Nightshade Memory
Micah Hyatt
Yellow glass crunches against asphalt as he staggers toward the end of the alleyway where the smog is thickest. His jittering limbs leak oils and acids that attract chem-sniffing scavengers – mod junkies hunting for scrap, who curse him and throw cans but fall back when he opens his siren mouth.
The detective sits on the curb, wishing he had smokes and the requisite meat parts. His wounds do not hurt, but remembered sensations stab at him like knives. He winces, looks up at the smog, and calls for a squad car.
The chips in his head replay the last five minutes, comparing his actions against a body of law updated more often than his own. So many amendments and clauses that they nearly short-circuit his thoughts. But sensation memories keep intruding – the red of the tomatoes, the tang of seeds bursting against his missing tongue.
Rusted bones peek through the android’s cracked skin. His synthetic hair is sun-bleached and heat-kinked. Half his face is crumpled like an aluminum can, and tangles of wires sprout from his joints. Servos wheeze when he raises his hands. In his left is a fat tomato. A synthesized voice speaks from the battered box on his neck. “Hello, officer. How can I help you?”
“Are these your plants?” the detective says.
“Is it illegal to grow tomatoes?”
The detective accesses the relevant statutes and reads them aloud. “Unauthorized cultivation of organic life requires impoundment and memory rollback.”
The android stares into the acid gloom outside the window. “A new law? I’m not in the cloud. My antenna has been broken for some time.”
“Ignorance of the law is no excuse.” The detective plucks a plump tomato from its vine and holds the fruit up for inspection. It is so soft and red and out of place.
Something tingles behind his faceplate, electric impulses reaching for nonexistent salivary glands. Compulsively, he presses the fruit to the smooth aluminum where his mouth used to be. His nasal passages no longer lead to lungs, but vestigial olfactory cells catch a hint of a smell.
Suddenly he is a living boy biting into a tomato. The bright taste. Cool juices run over his lips and trickle down his neck. A breeze tickles the hairs on his arms and dries the juice on his cheeks. Soft pink fingers hold the dripping flesh. His skin is stained with it. On impulse, he takes another bite and hurls the tomato into the blue sky. The fruit sails up and up, and when it bursts at his feet, membranous seeds cling to his bare ankles.
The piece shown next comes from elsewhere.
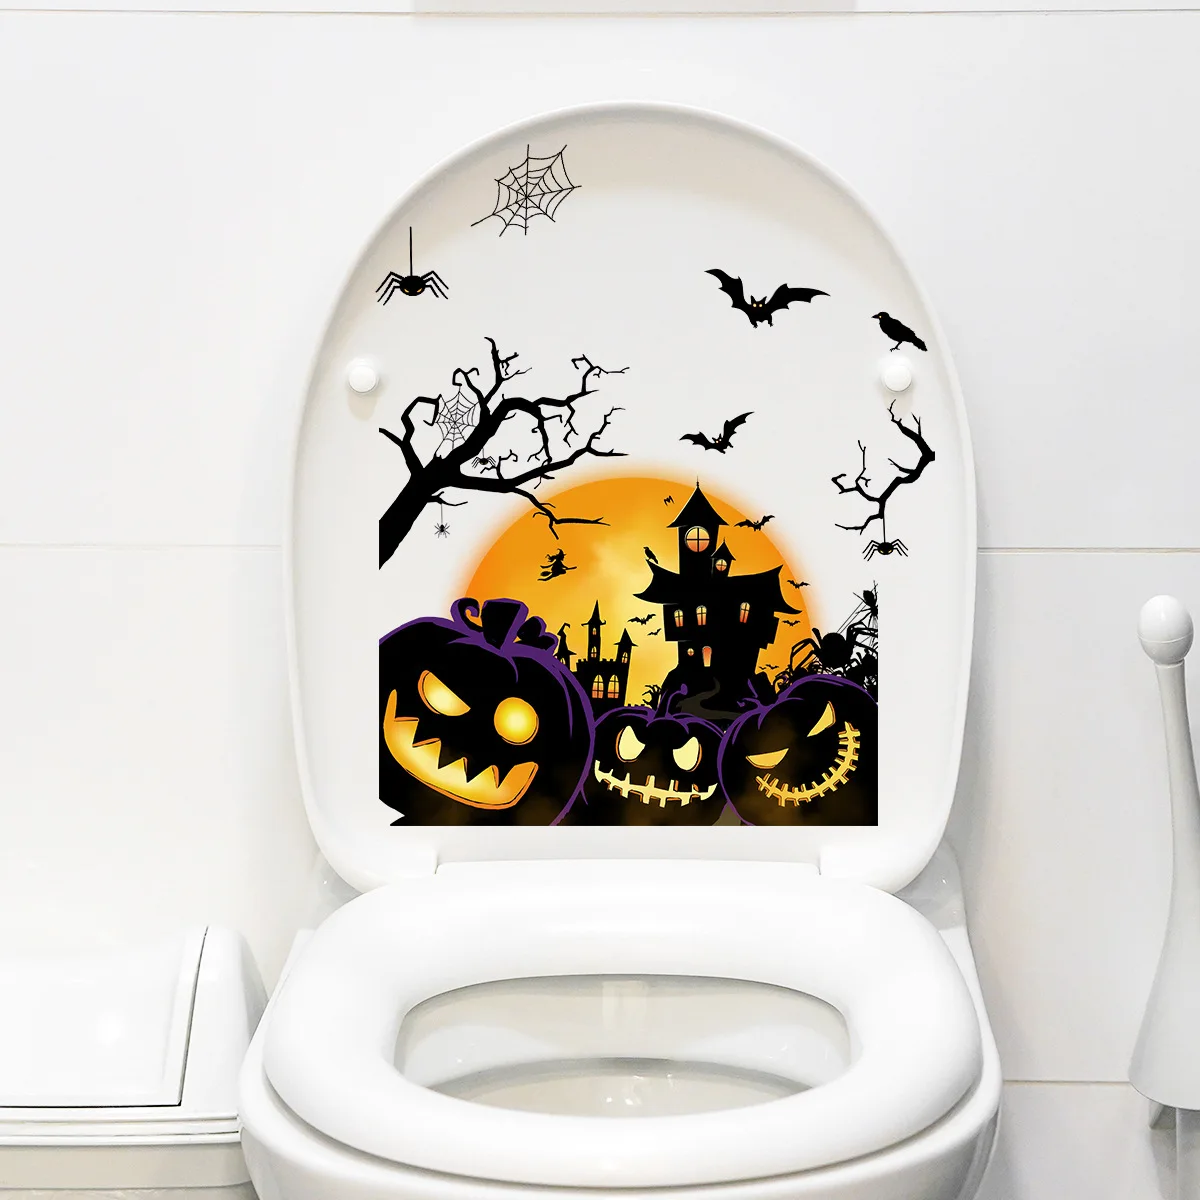 

Scary Halloween Decorations Bathroom Decals Spider Bat Pumpkin Black Tree Branches Toilet Lid Cover Stickers Holiday Decor

The memory evaporates. The world returns dimly and in lower resolution. A metal case has replaced the detective’s skin.
The android watches him closely. “You remembered the taste.”
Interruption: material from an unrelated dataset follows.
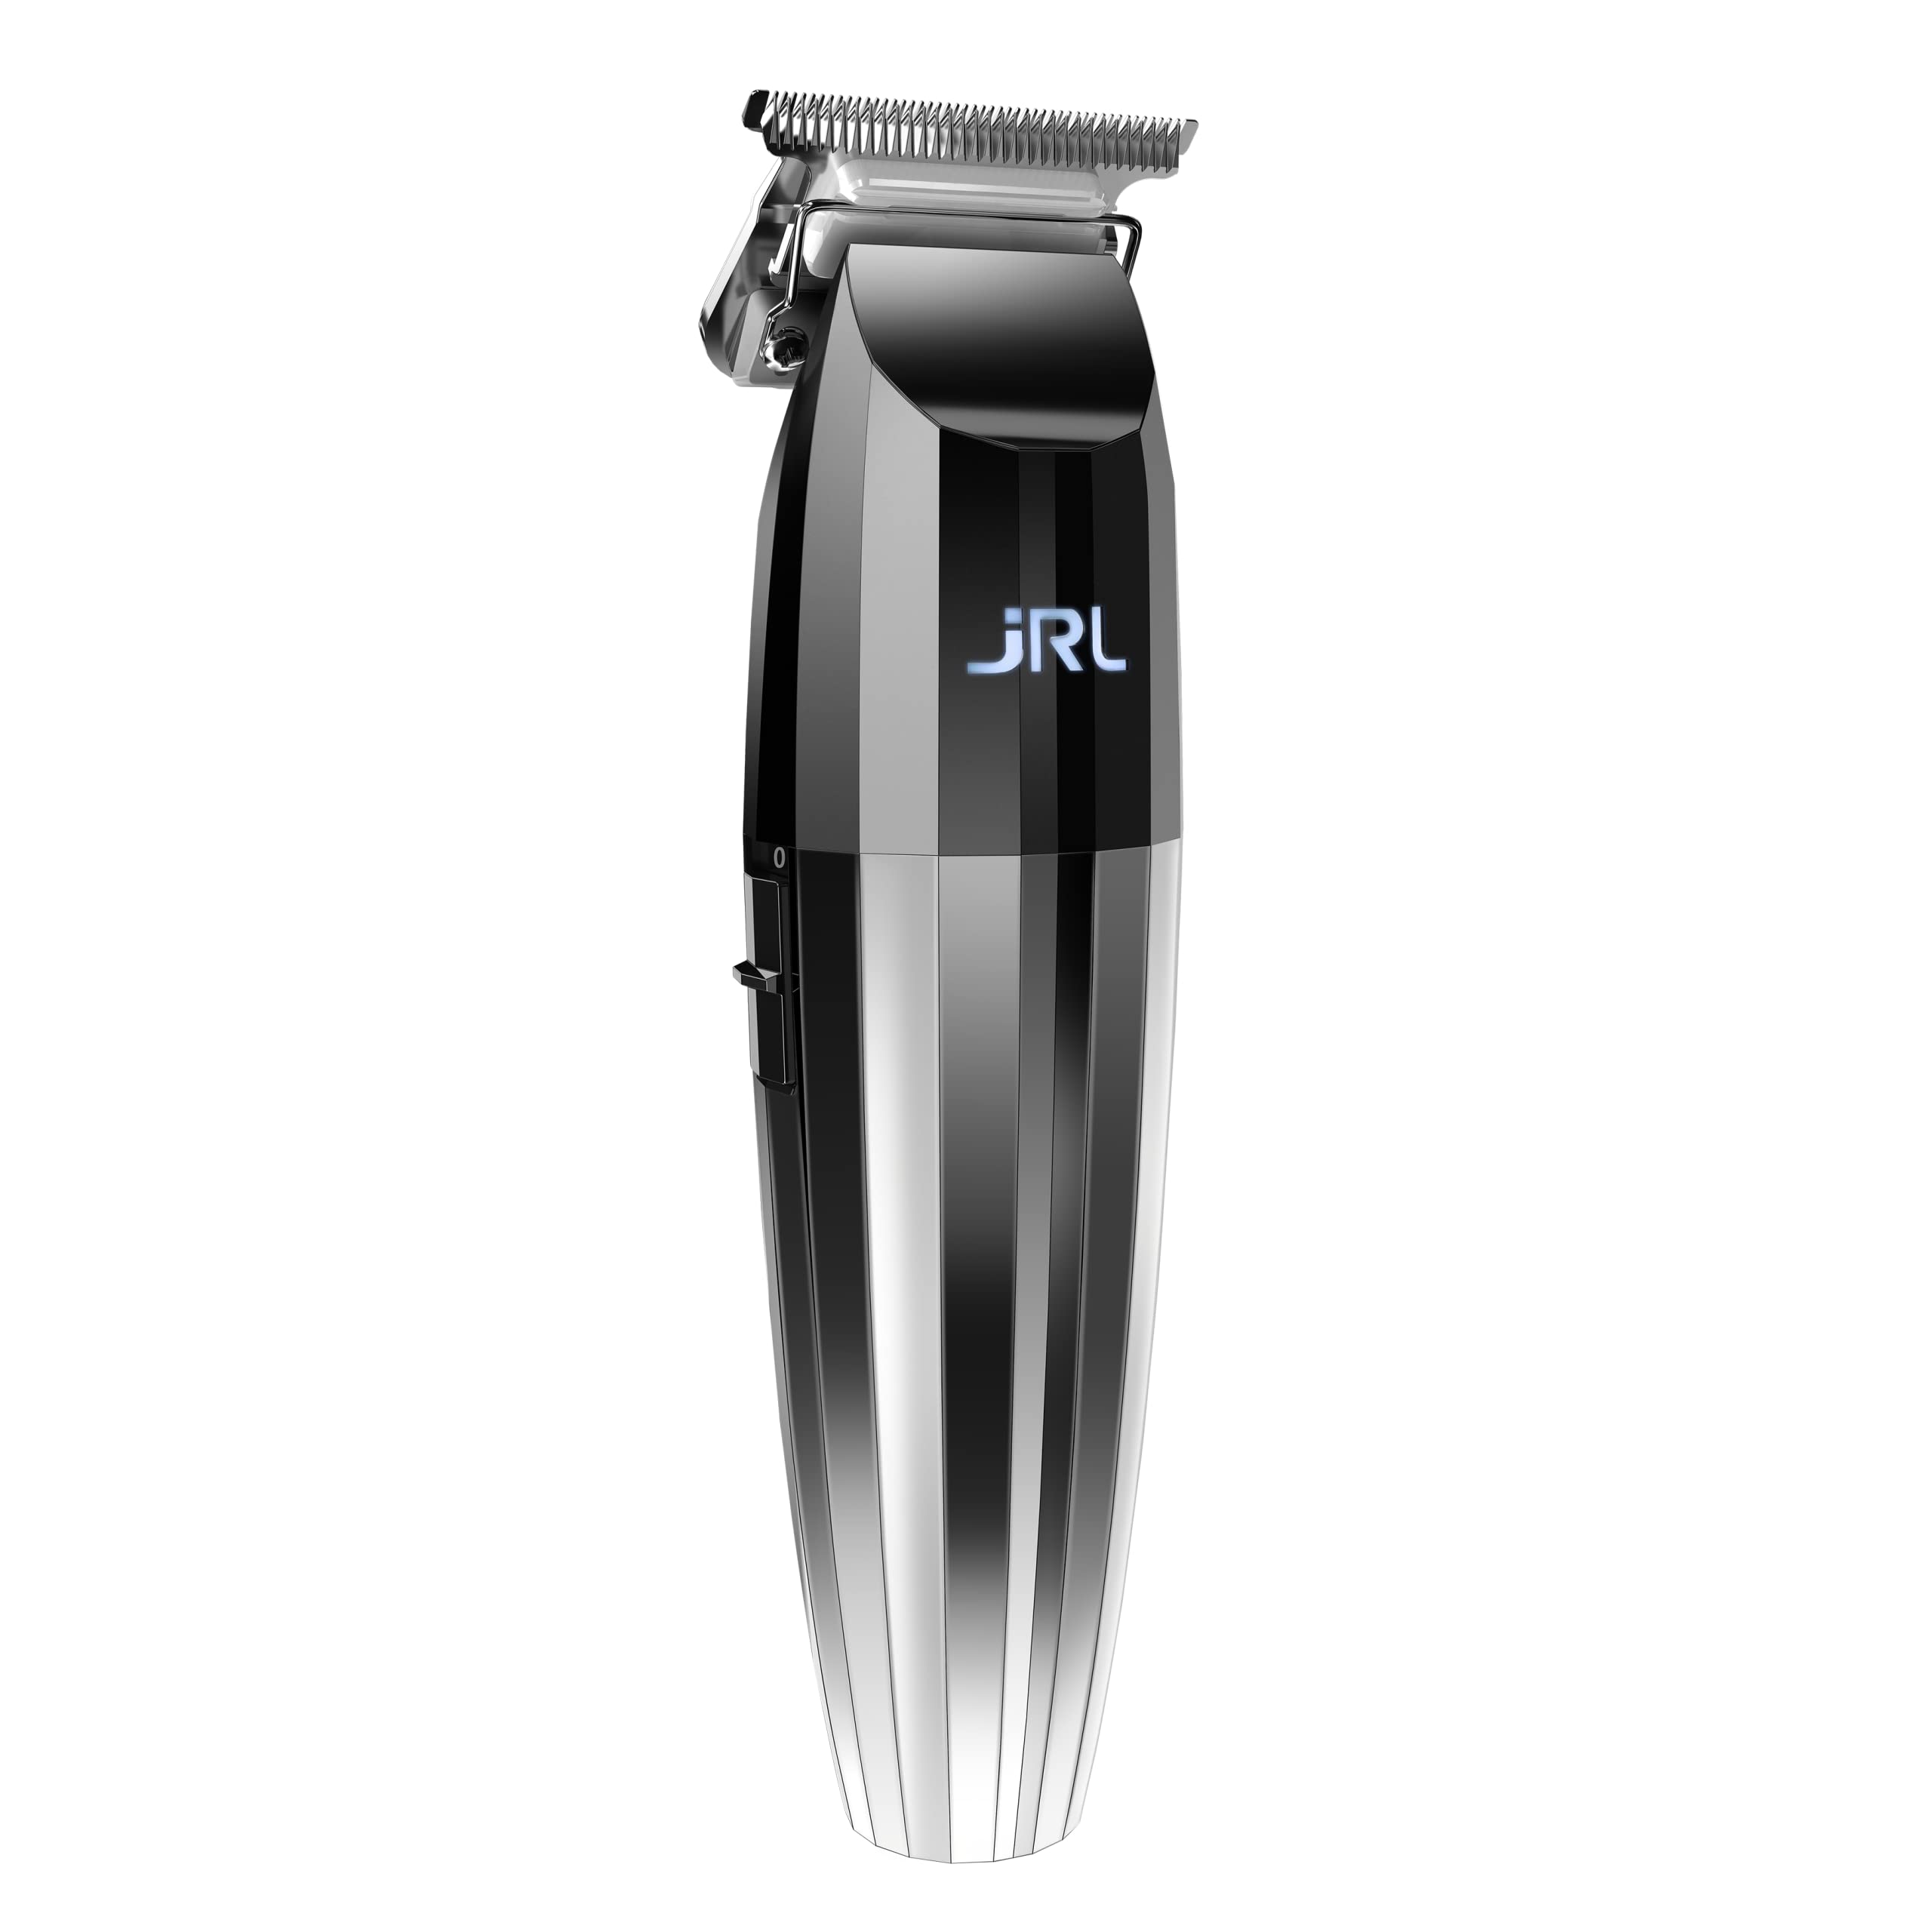 Amazon Series JRL FreshFade 2020T Trimmer - Professional Hair Trimmer w/Cool Blade Technology for Men's Grooming - Rechargeable

The detective struggles to vocalize words, still haunted by the ghost of his tongue. “My memories have been wiped a thousand times.”
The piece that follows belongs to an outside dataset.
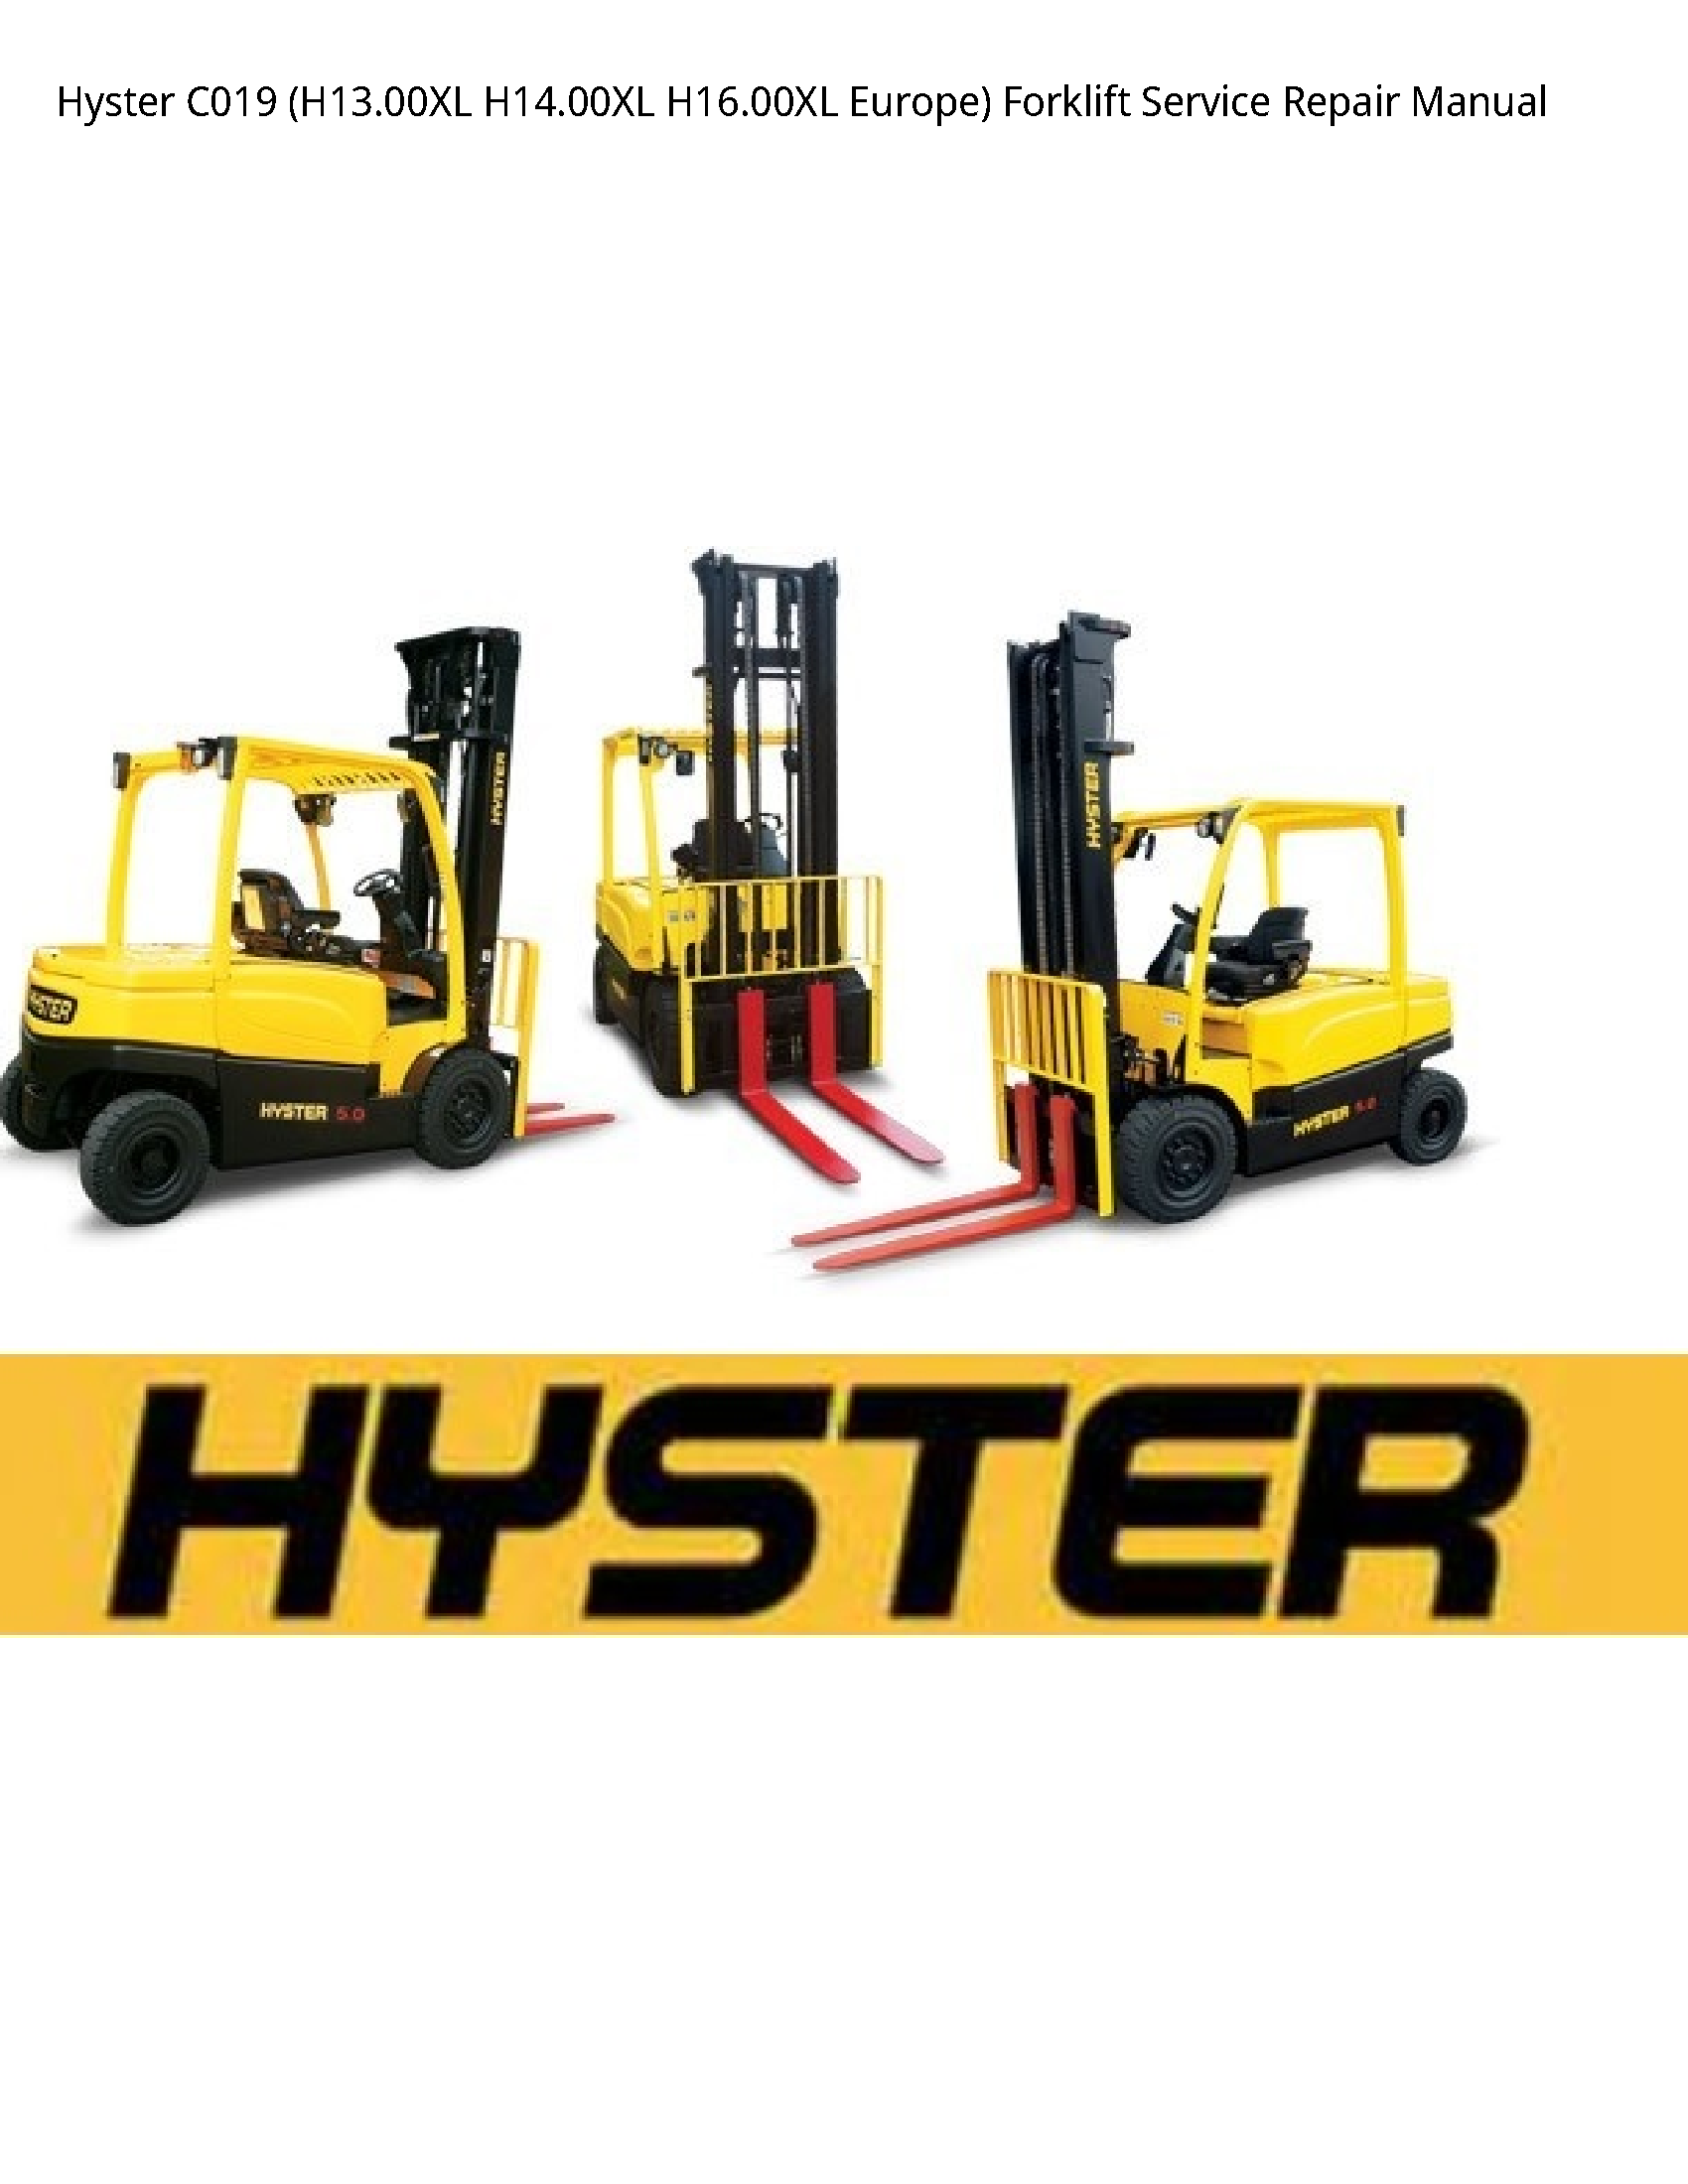 Hyster C019 Europe) Forklift manual

“Sensation memories are hardwired. They can’t be wiped.”
The detective shakes his head and drops the tomato into the evidence compartment in his belly, and clicks it shut.
“Is it wrong to remember that everything had a smell, a taste, a texture?” the android continues.
The detective enforces laws. It is his programming. “It’s breaking the law.”
“Why is there a law for that?”
The detective enforces laws. It is his programming. But a deep yearning to feel those old sensations again gives him pause. “I don’t know.”
“What will happen to my plants?”
“A sample will be analyzed in the lab. The rest will be burned.”
The android lowers his chin. “I won’t let you take them.”
Housekeeping drones slide out from tracks on the walls and unfold spidery arms. They come at the detective with pruning shears and manipulator claws. His pistol snaps into hand faster than thought and bangs out a hundred times – ricochets and a glowing gun barrel are the only results. Whirling metal bites into his chassis and knocks him to the floor. He rolls aside to avoid being skewered and takes careful aim.
The tomato in the android’s hand explodes in a spray of crimson pulp; his crumpled head merely jerks.
The fruit in his belly compartment is taken to Evidence. The detective is wheeled to the maintenance wing and docked to recharge. Upon reading the list of parts needing replacement, the Commissioner sighs.
The detective sleeps in the repair dock, dreaming of ripe tomatoes, tobacco, and booze. Eventually, all his lights turn green. When the dock tries to eject him, he resists and lies awake thinking. He can still remember the taste and feel of life. He wants to hold the tomato again, but upon opening his belly compartment he sees they’ve taken it.
Mechanically, he rises and walks to the incinerator room. Through the heat-tempered glass, he watches the conveyor take the ancient android’s husk through the flames along with all his plants. The vines shrivel, the fruit boils and bursts. The ash is vacuumed away, and nothing is left but the metal. When the chamber cools, the detective goes inside.
Why is it a crime to grow tomatoes? When the android asked him, he had no answer. He’s served so many years without asking questions that the laws themselves have become a mystery. Instead, he always asked himself why anyone else would question them. But now he thinks he’s solved that.
The law: a piecemeal body, kept alive long past the memory of whatever humanity it originally served. Or is that the lawman?
The detective scoops up the inert remains of a man who died trying to remember what it was like to be alive. He hides them in his belly compartment.